=== INPUT DATA ===
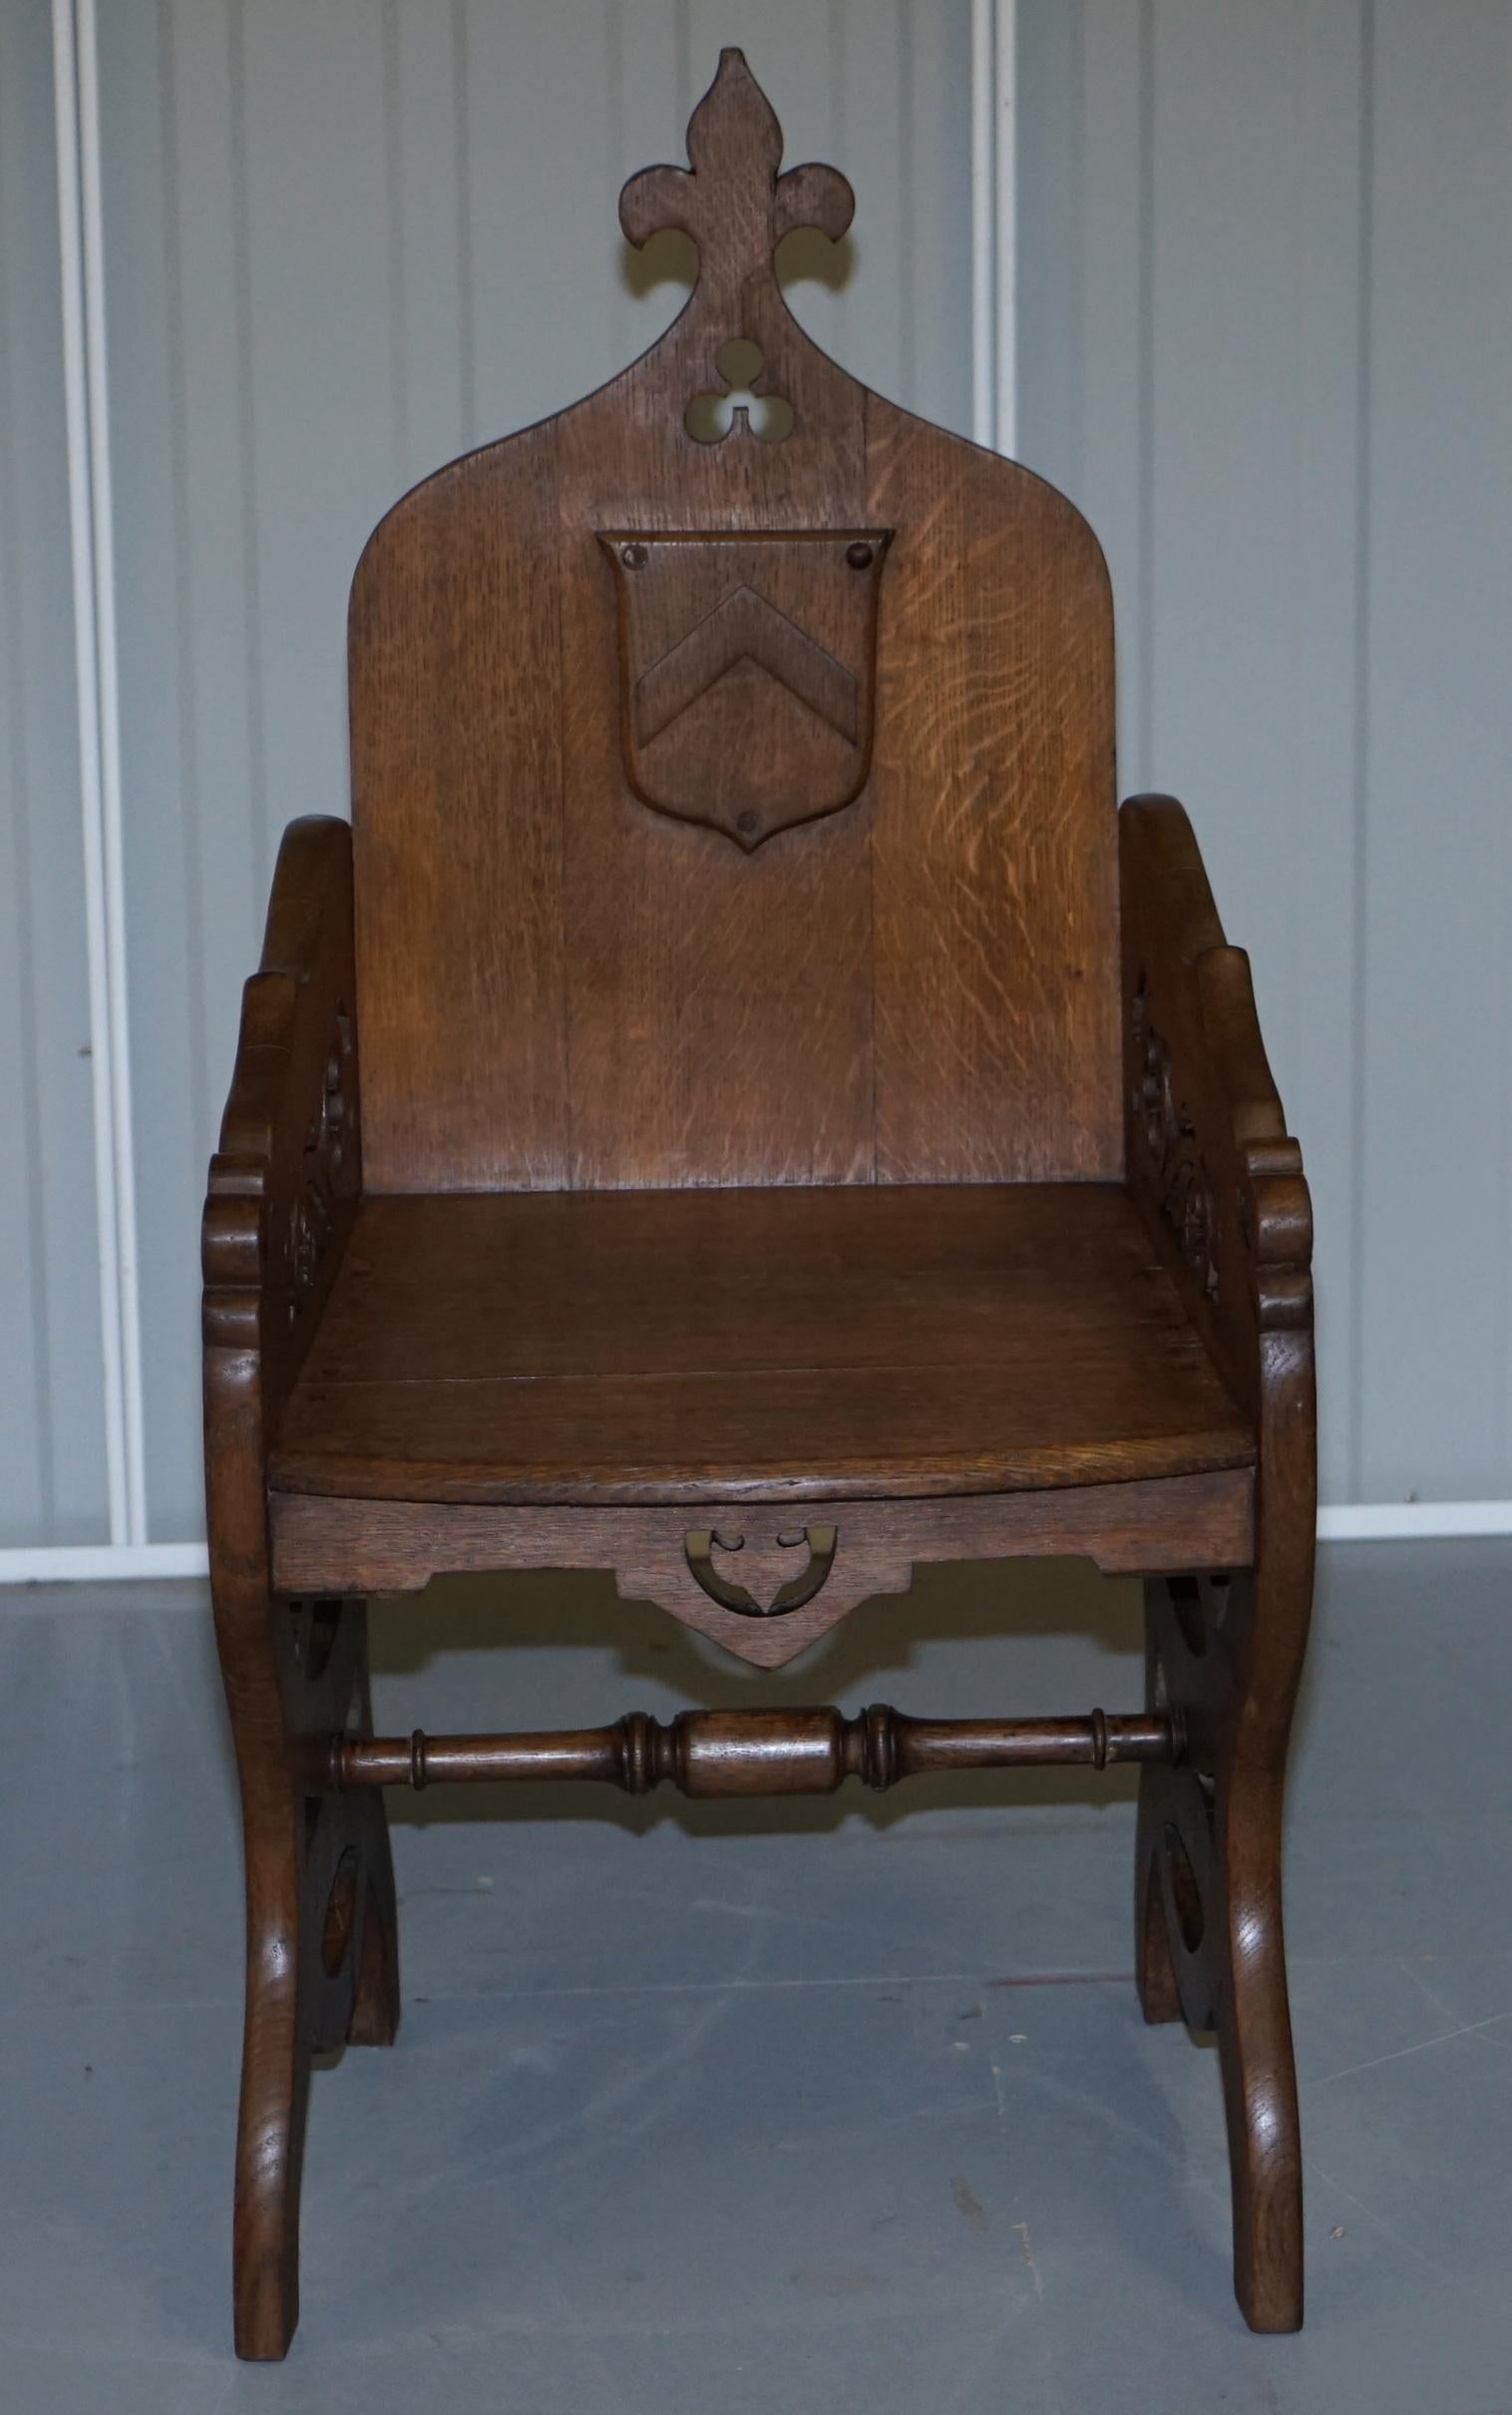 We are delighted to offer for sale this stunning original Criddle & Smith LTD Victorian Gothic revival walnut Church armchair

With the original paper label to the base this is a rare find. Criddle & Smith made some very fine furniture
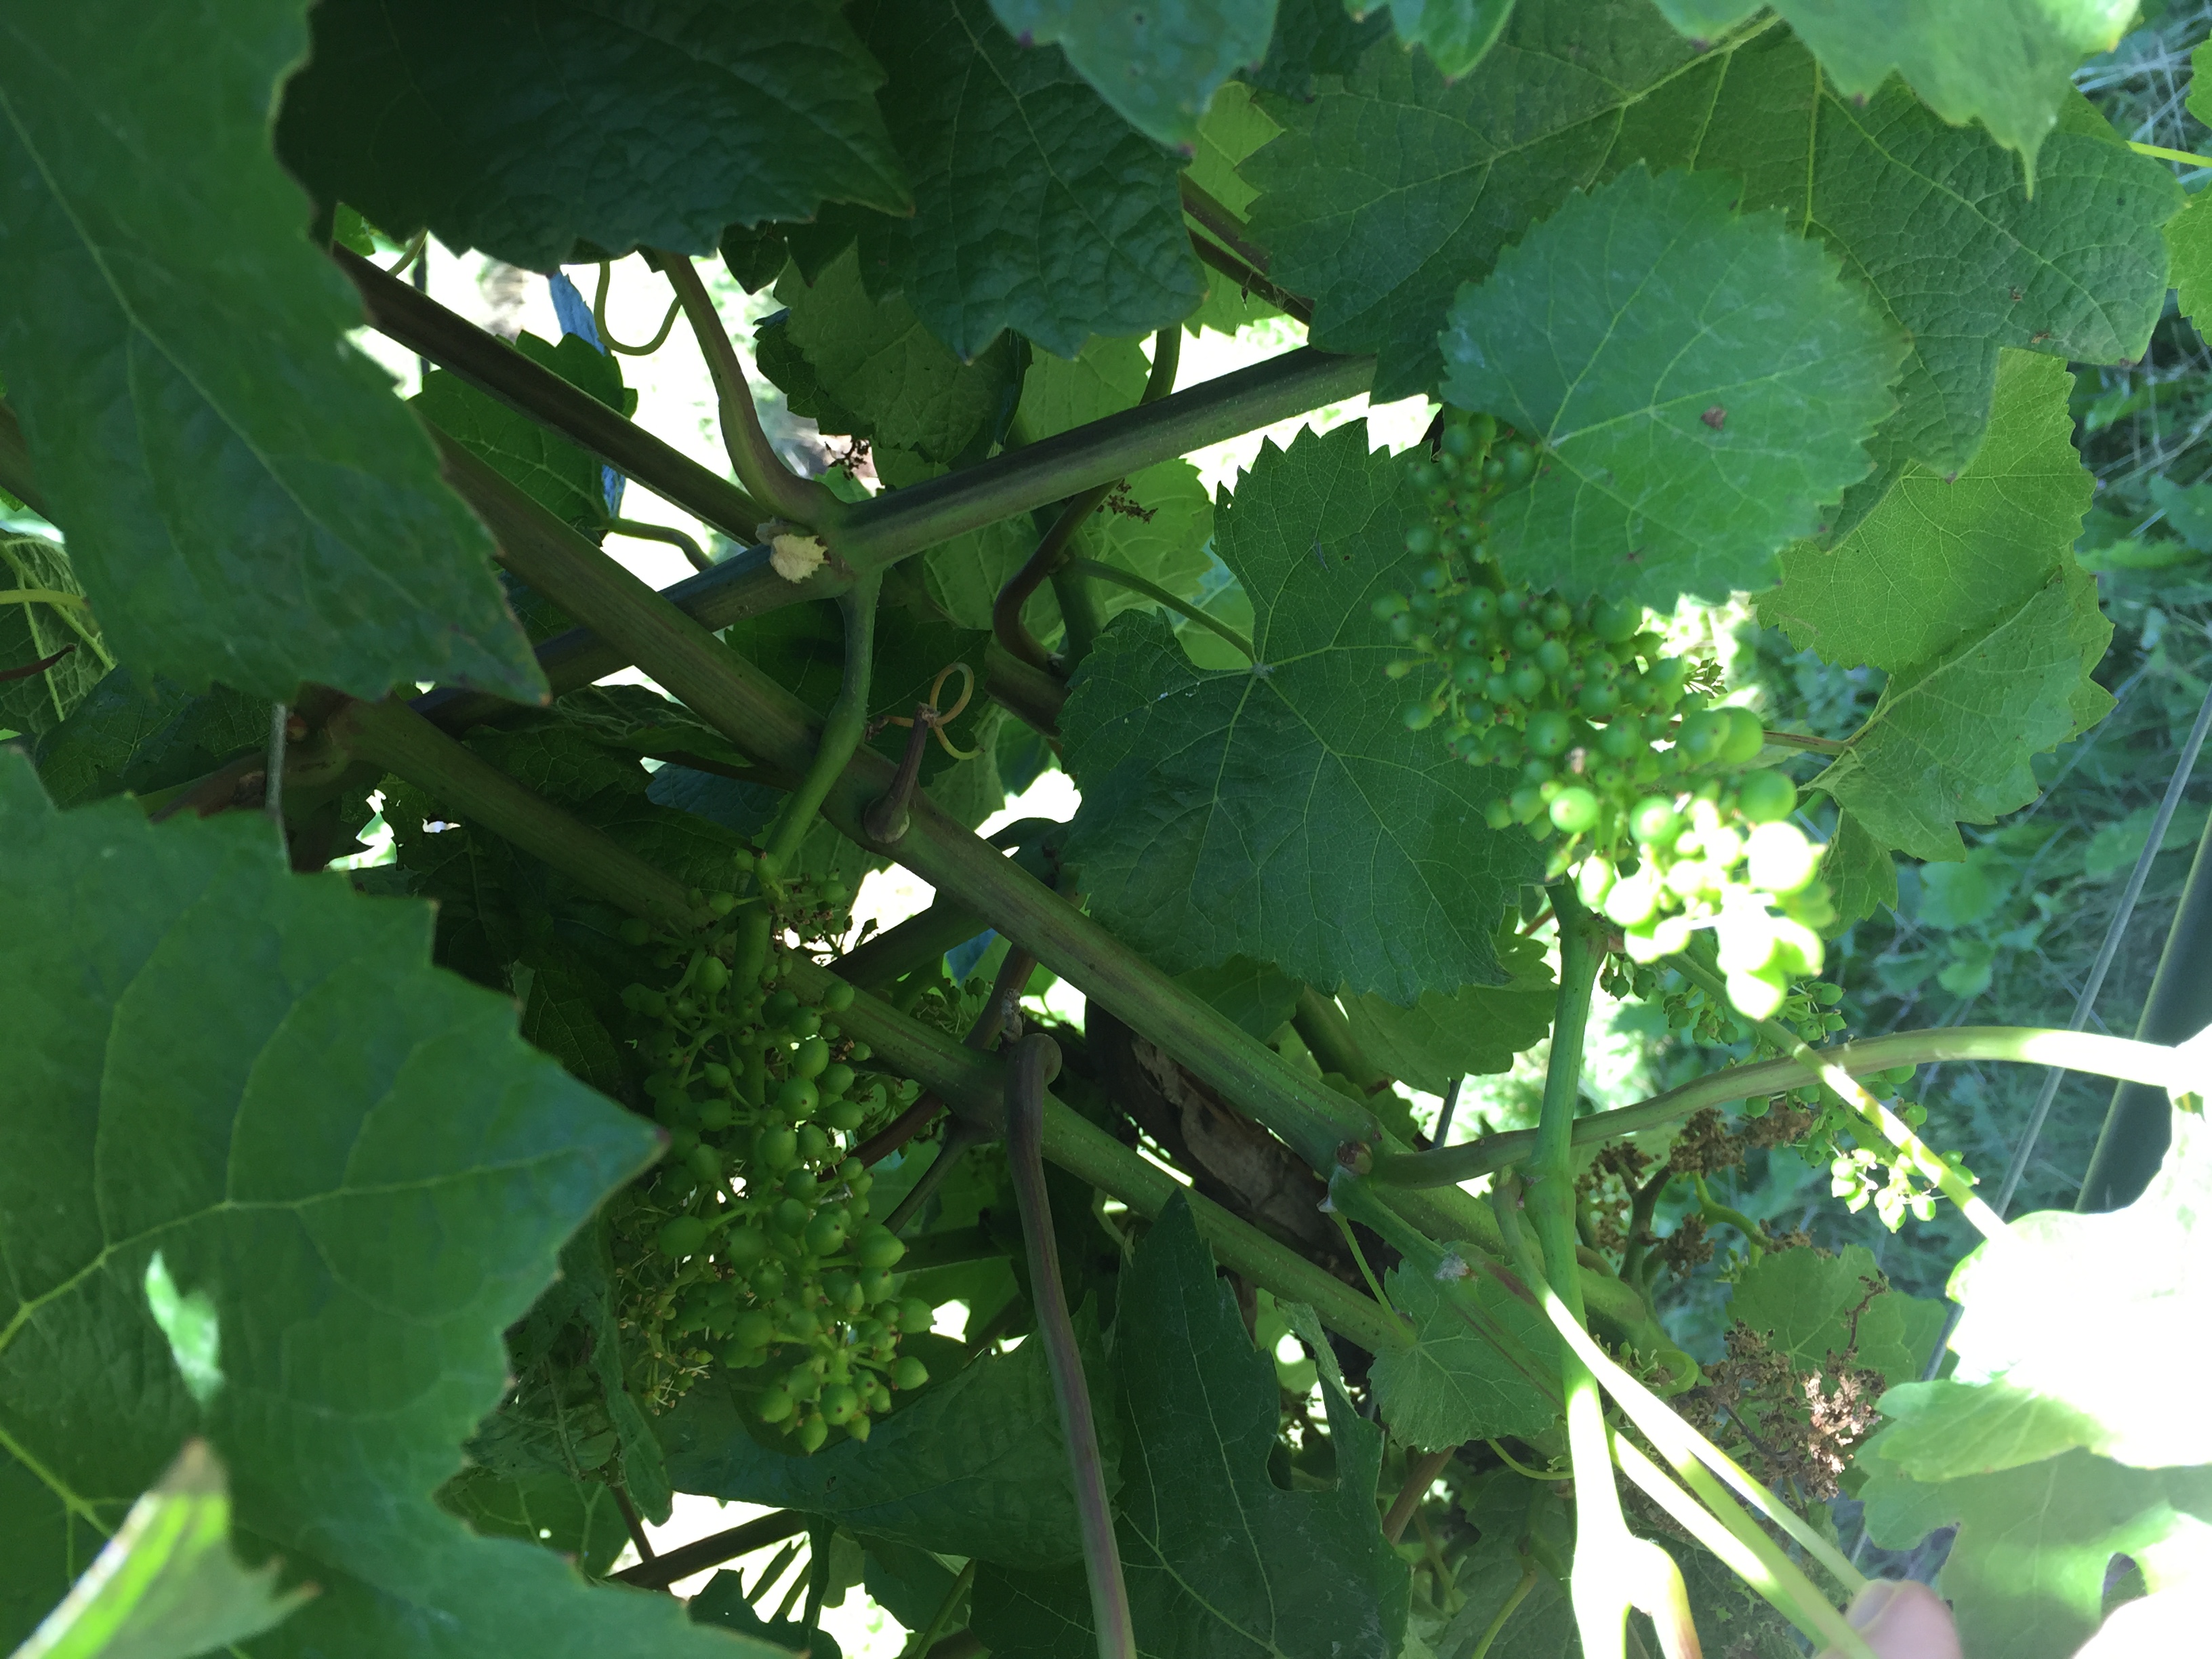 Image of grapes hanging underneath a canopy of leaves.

=== WORK INSTRUCTION ===
Your answer should consist solely of the lines from the line with "With the original" to the final line of the listing, set down word for word, pictures omitted.

=== EXERCISE RESPONSE ===
With the original paper label to the base this is a rare find. Criddle & Smith made some very fine furniture
 Image of grapes hanging underneath a canopy of leaves.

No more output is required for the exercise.